Task brief:
Set down the whole listing below exactly. The pictures stay out.

Source material:
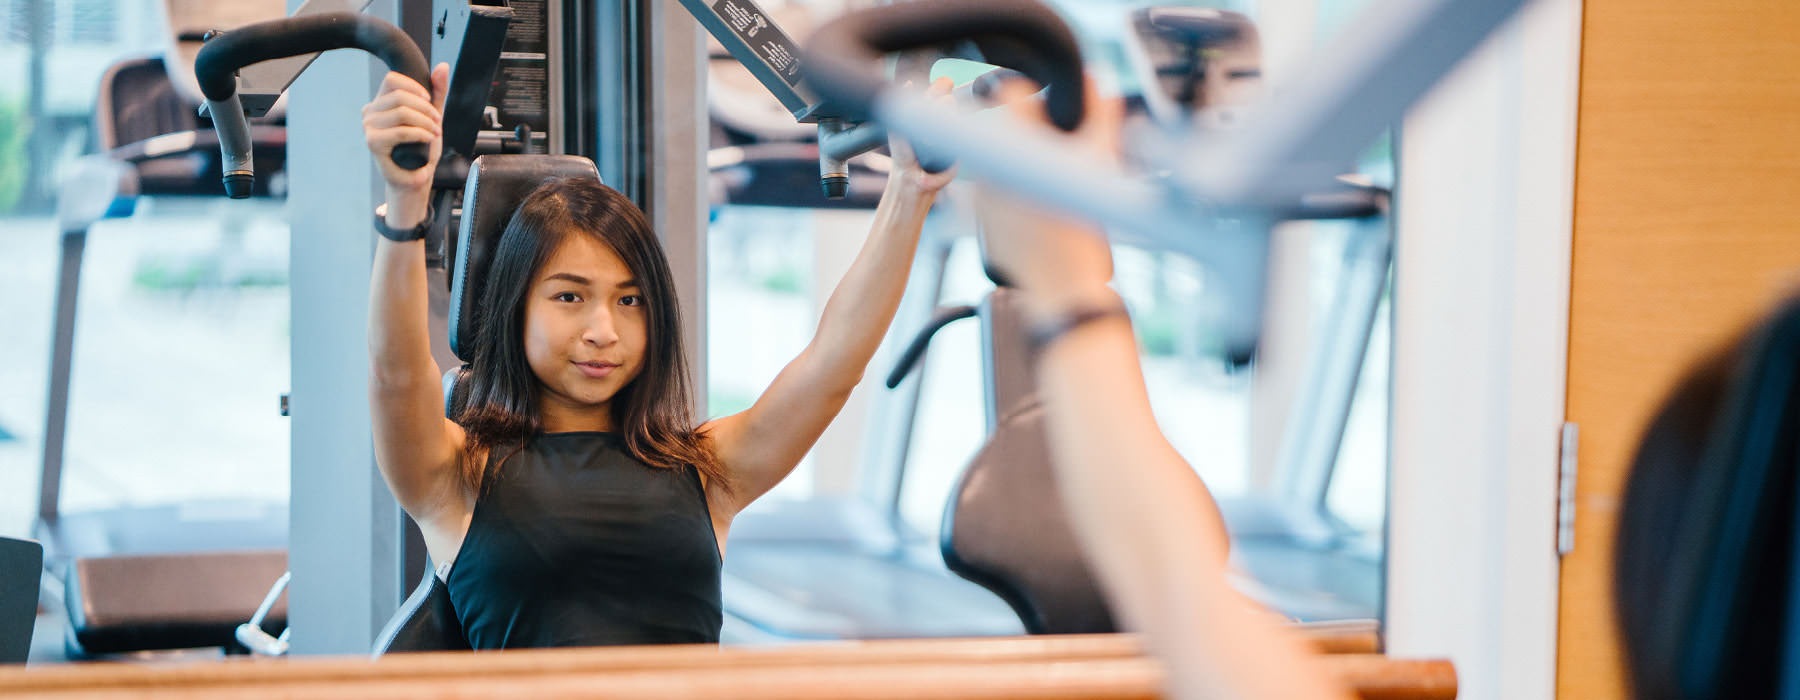 girl exercising in fitness center
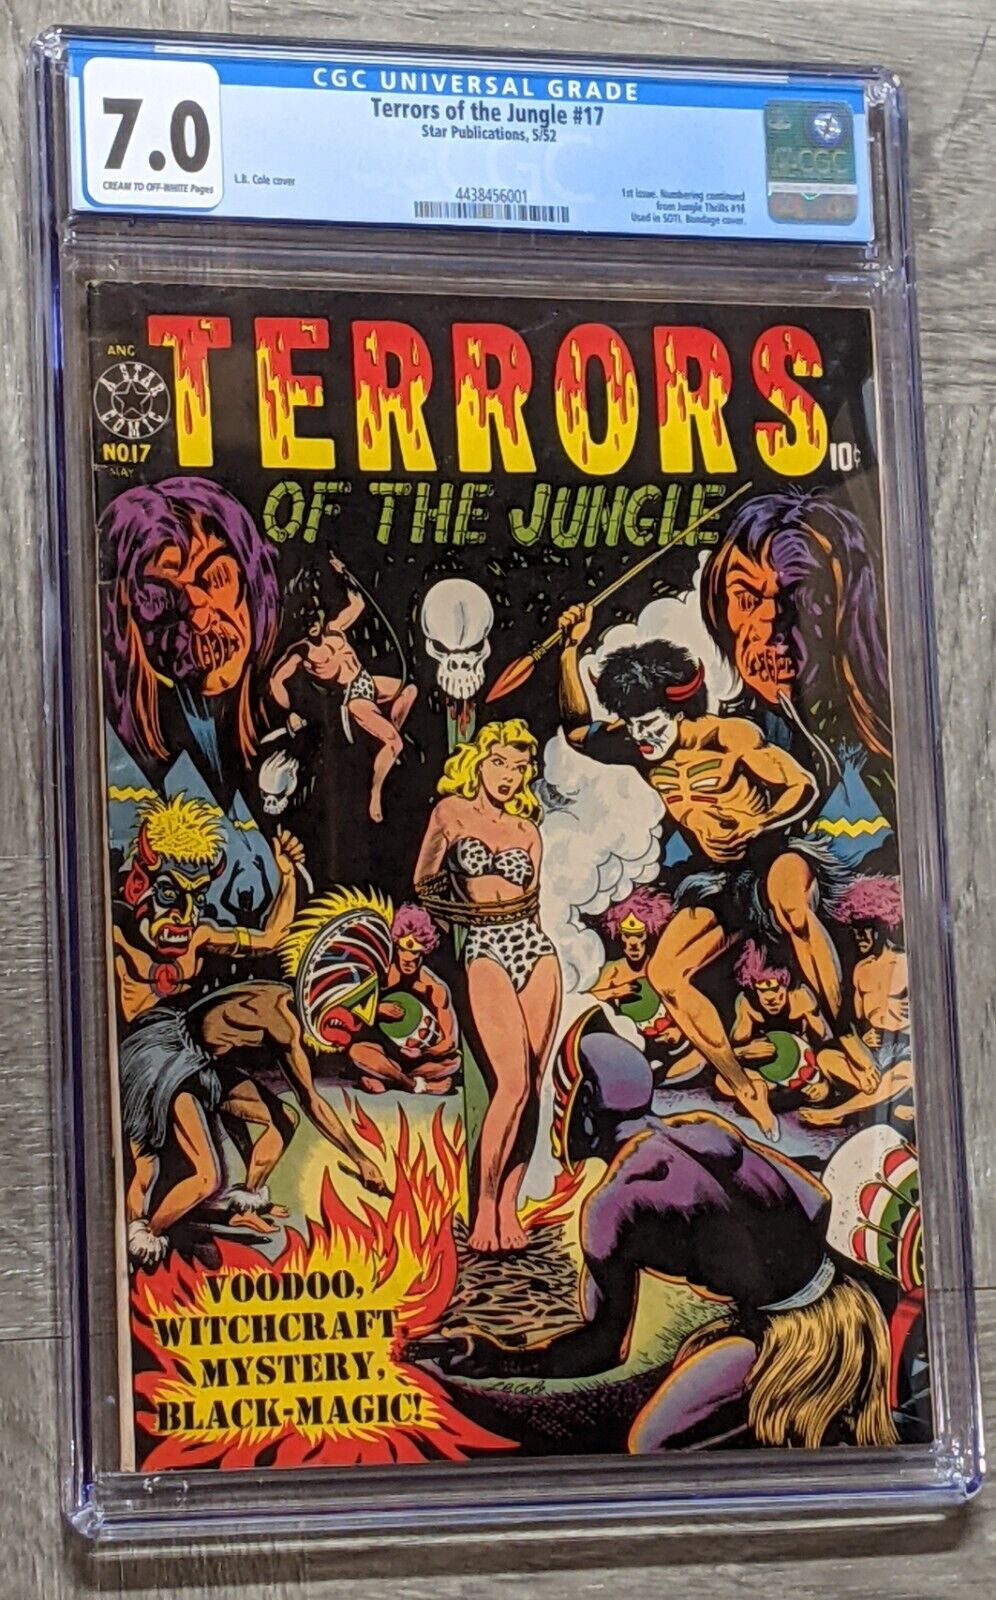 Terrors of the Jungle #17 CGC 7.0 Star Pub. 1952 LB Cole Cover  #1  SOTI  L.B.
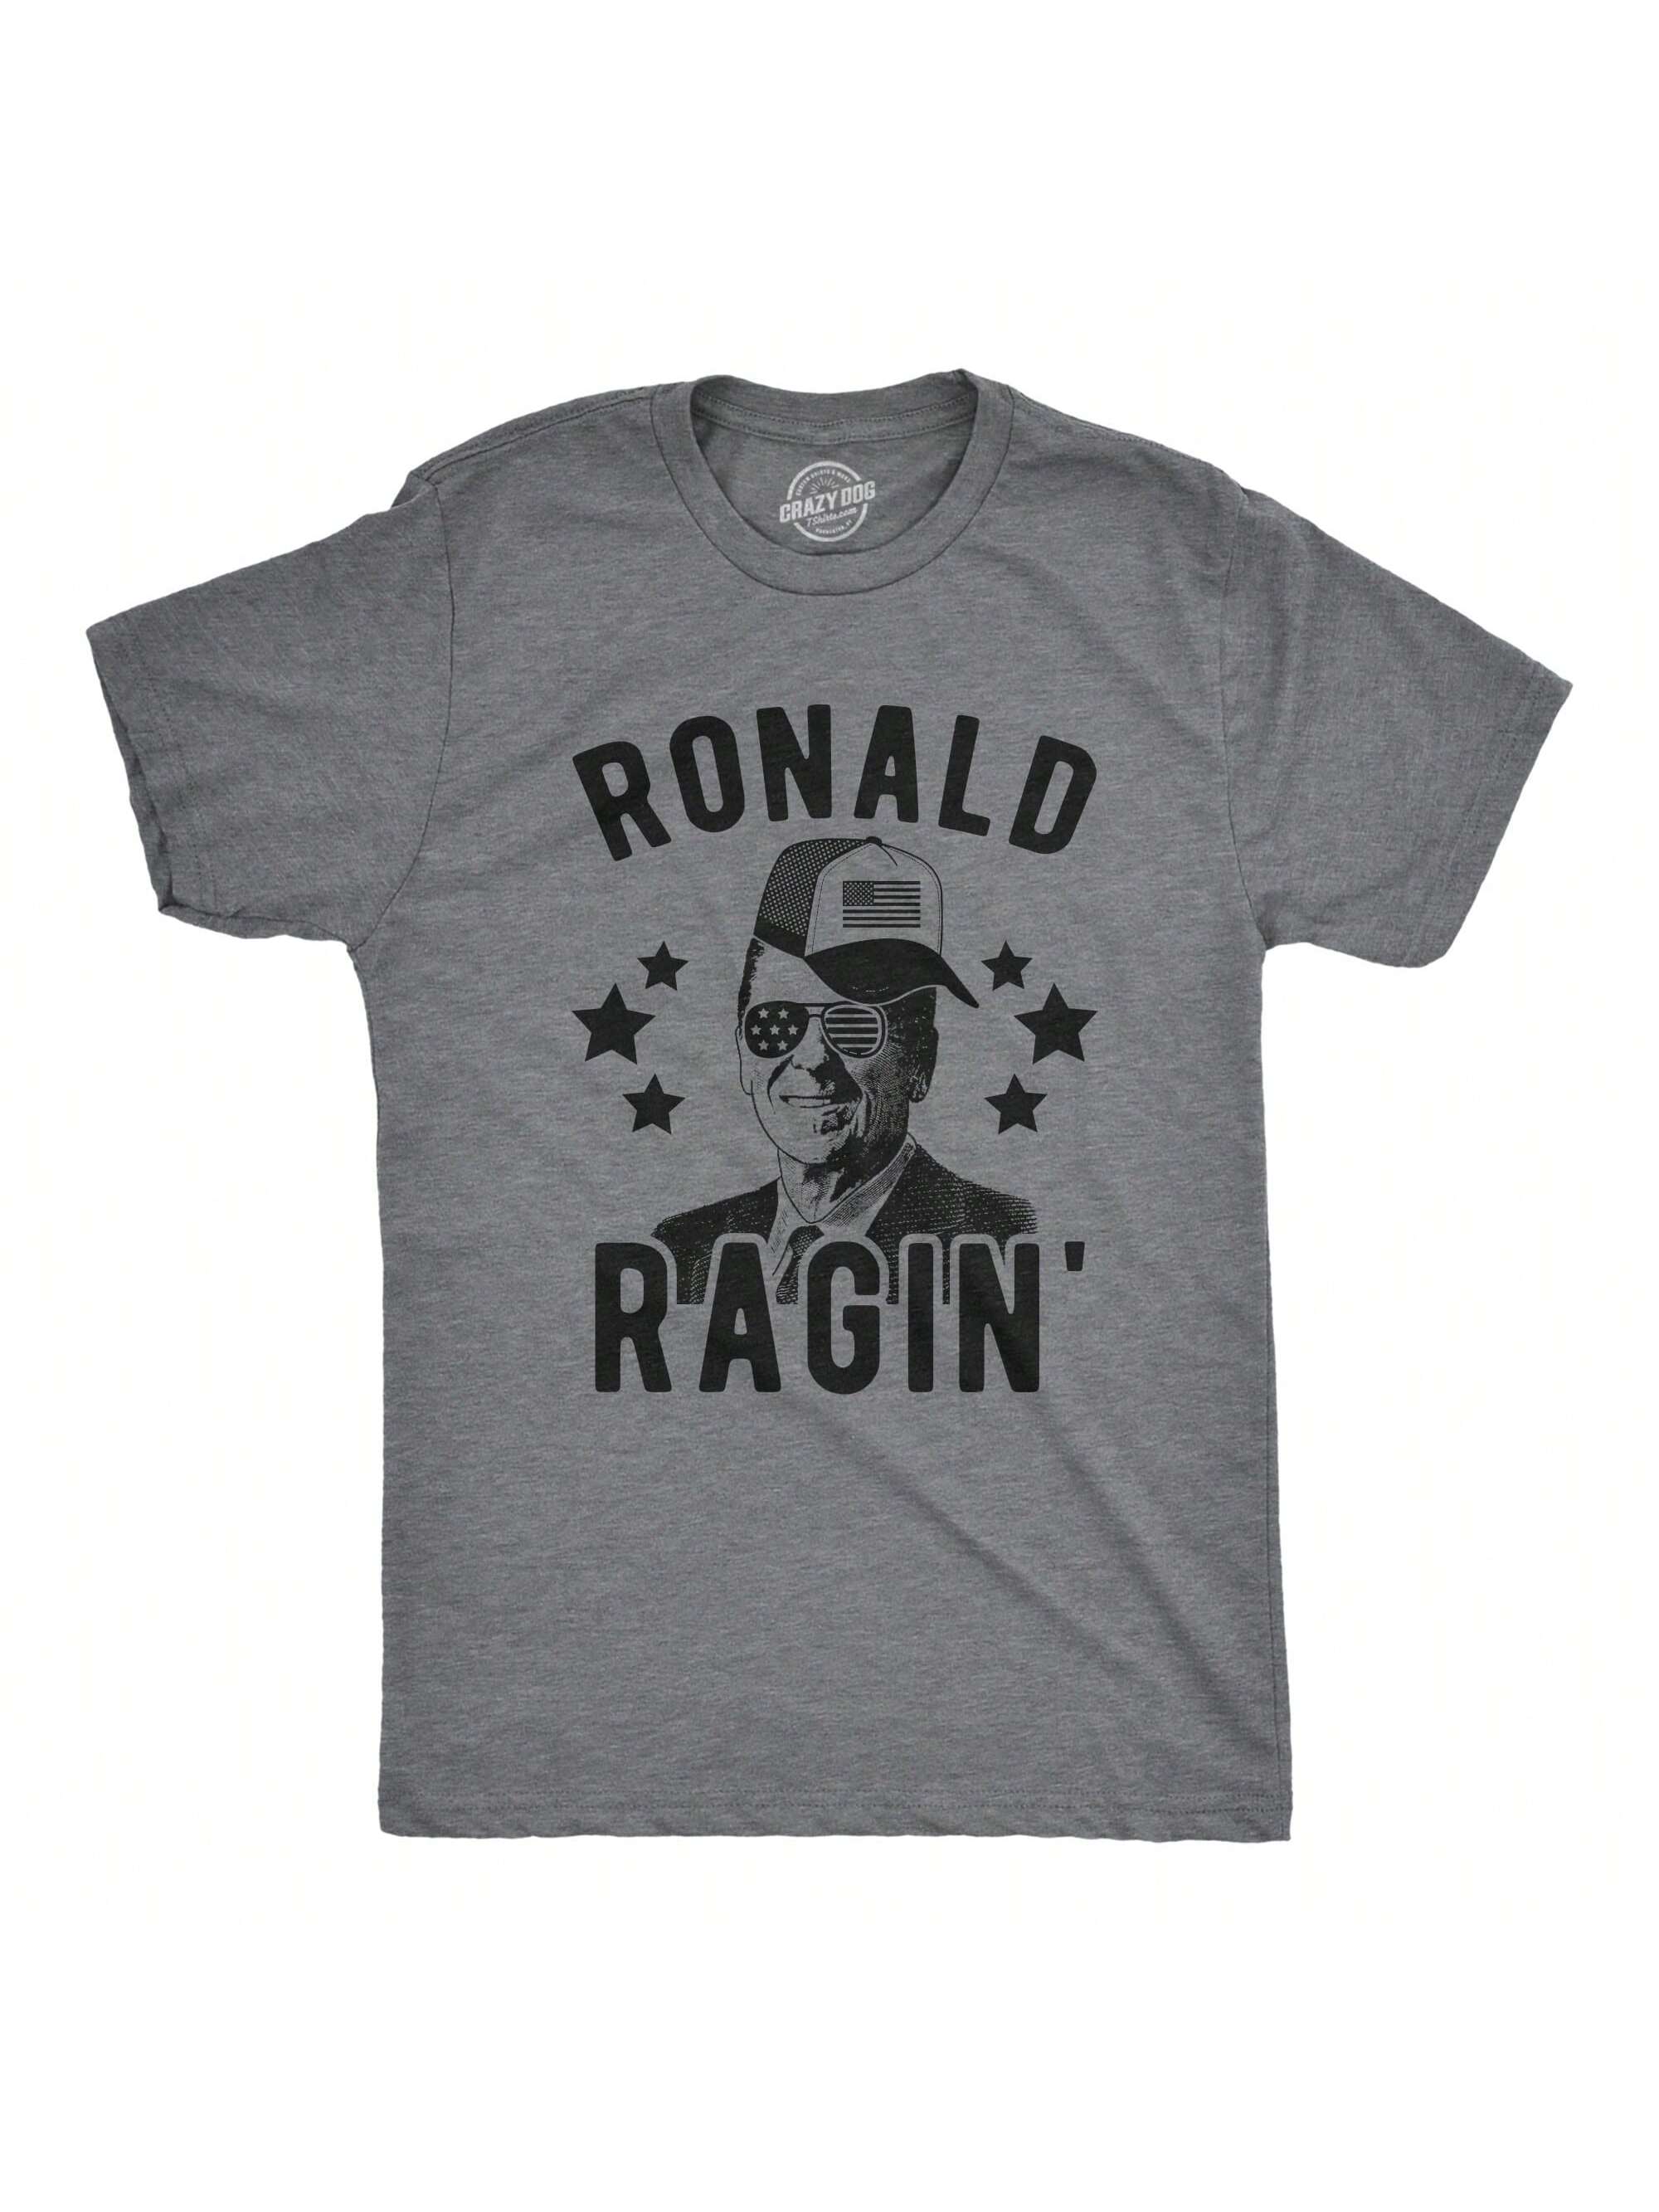 Мужская футболка Ronald Ragin', темный хизер серый
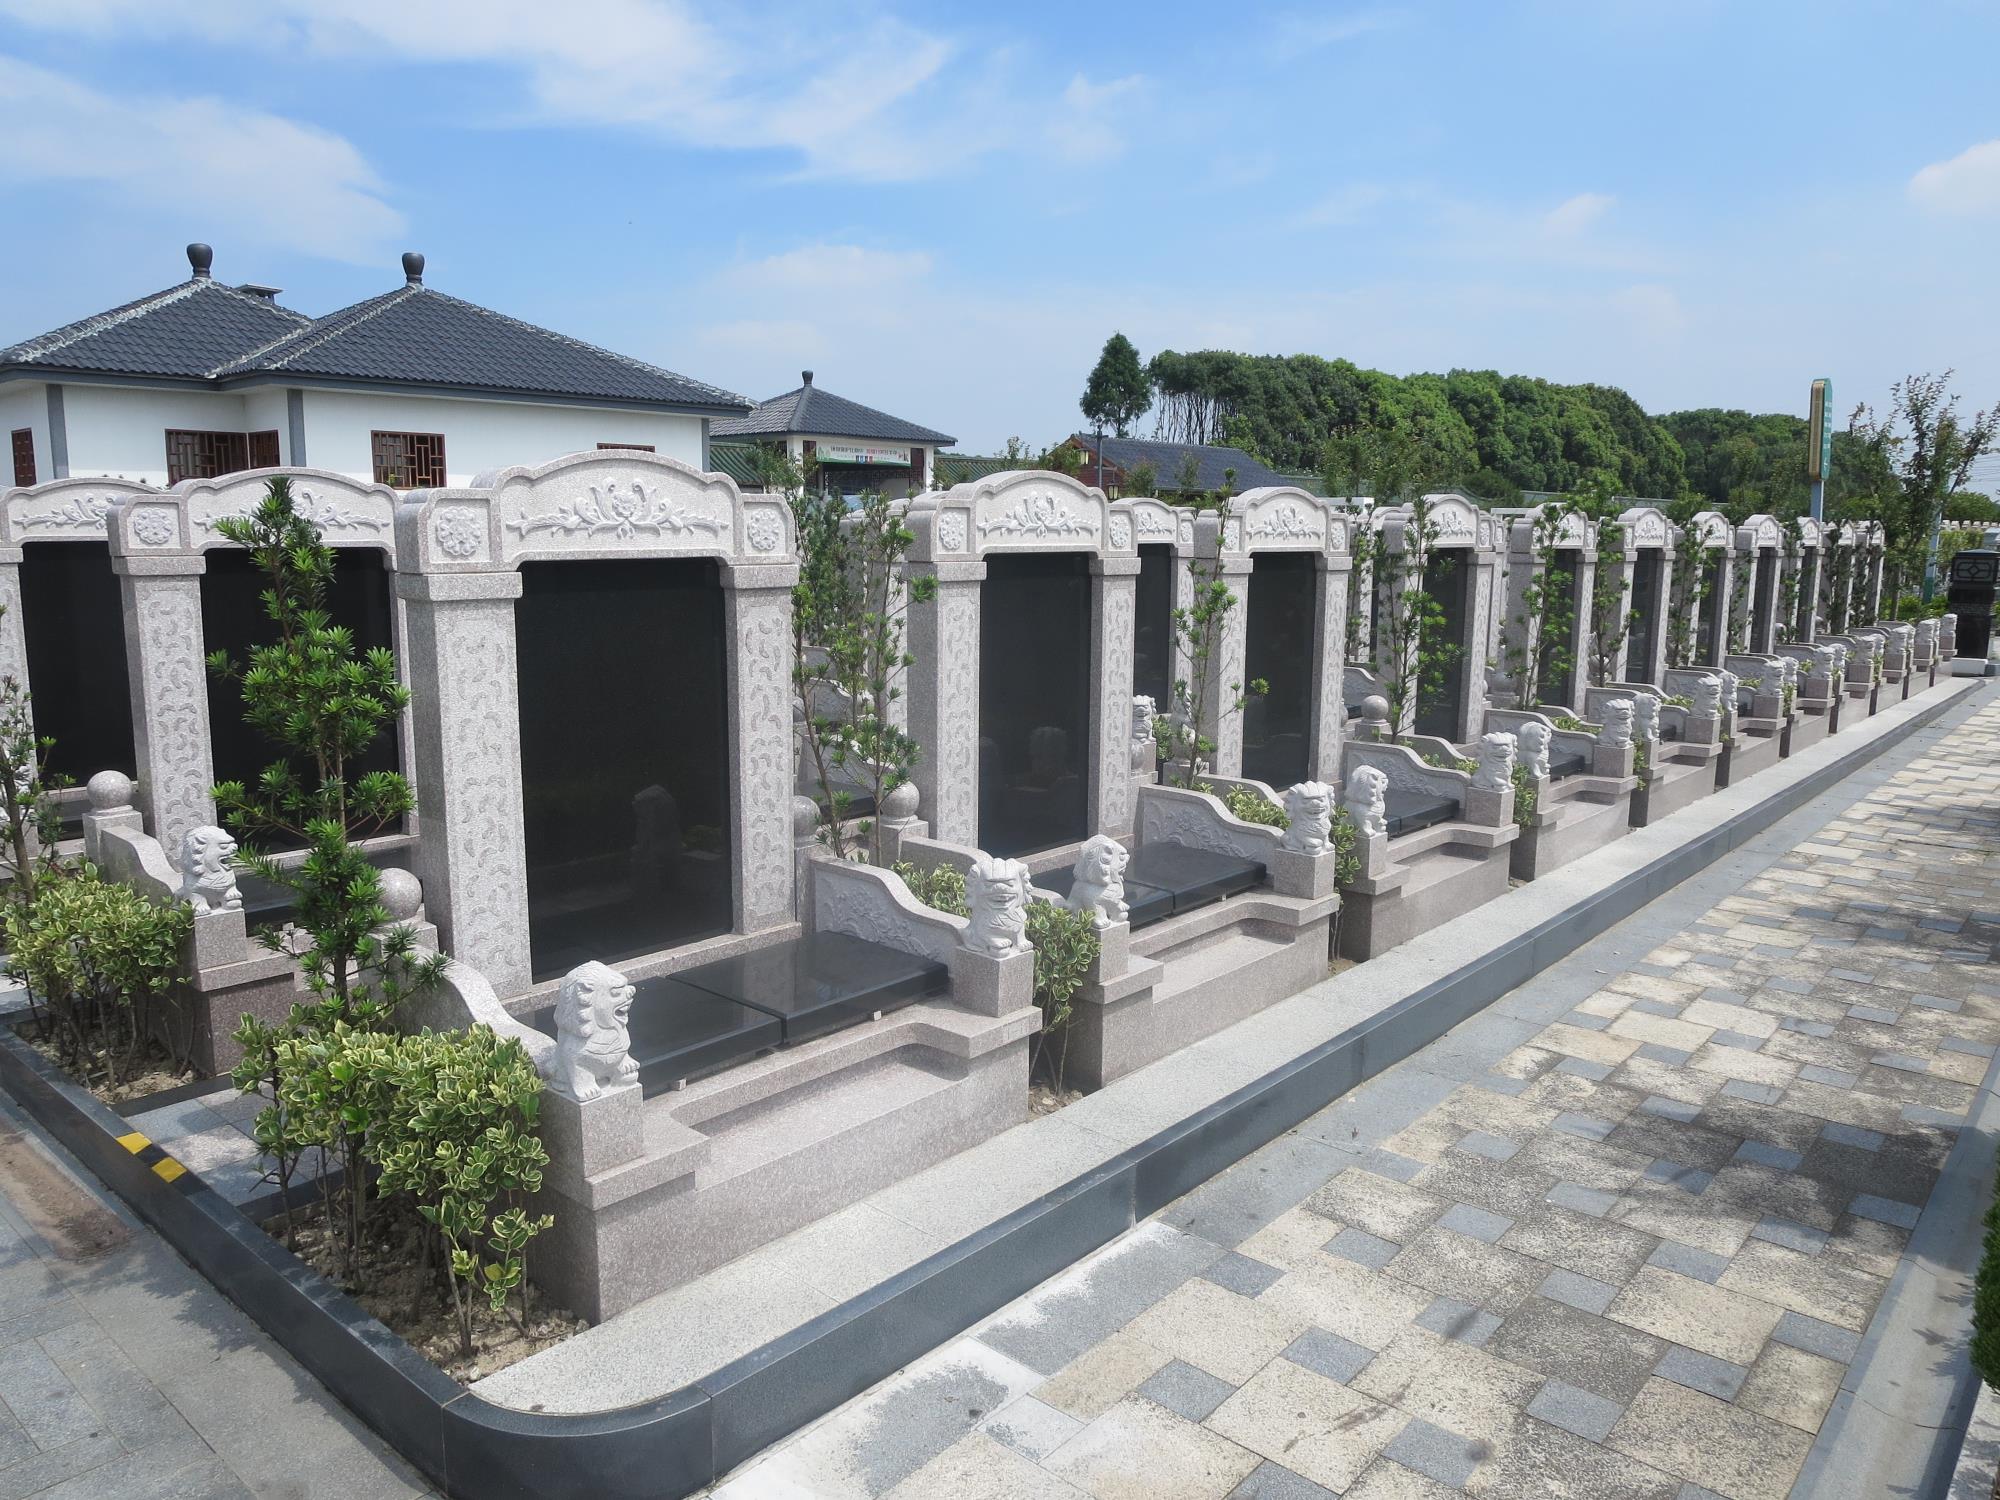 天寿陵园景观之艺术墓区-北京公墓网

Answer:
 girl exercising in fitness center
 Terrors of the Jungle #17 CGC 7.0 Star Pub. 1952 LB Cole Cover  #1  SOTI  L.B.
 Мужская футболка Ronald Ragin', темный хизер серый
 天寿陵园景观之艺术墓区-北京公墓网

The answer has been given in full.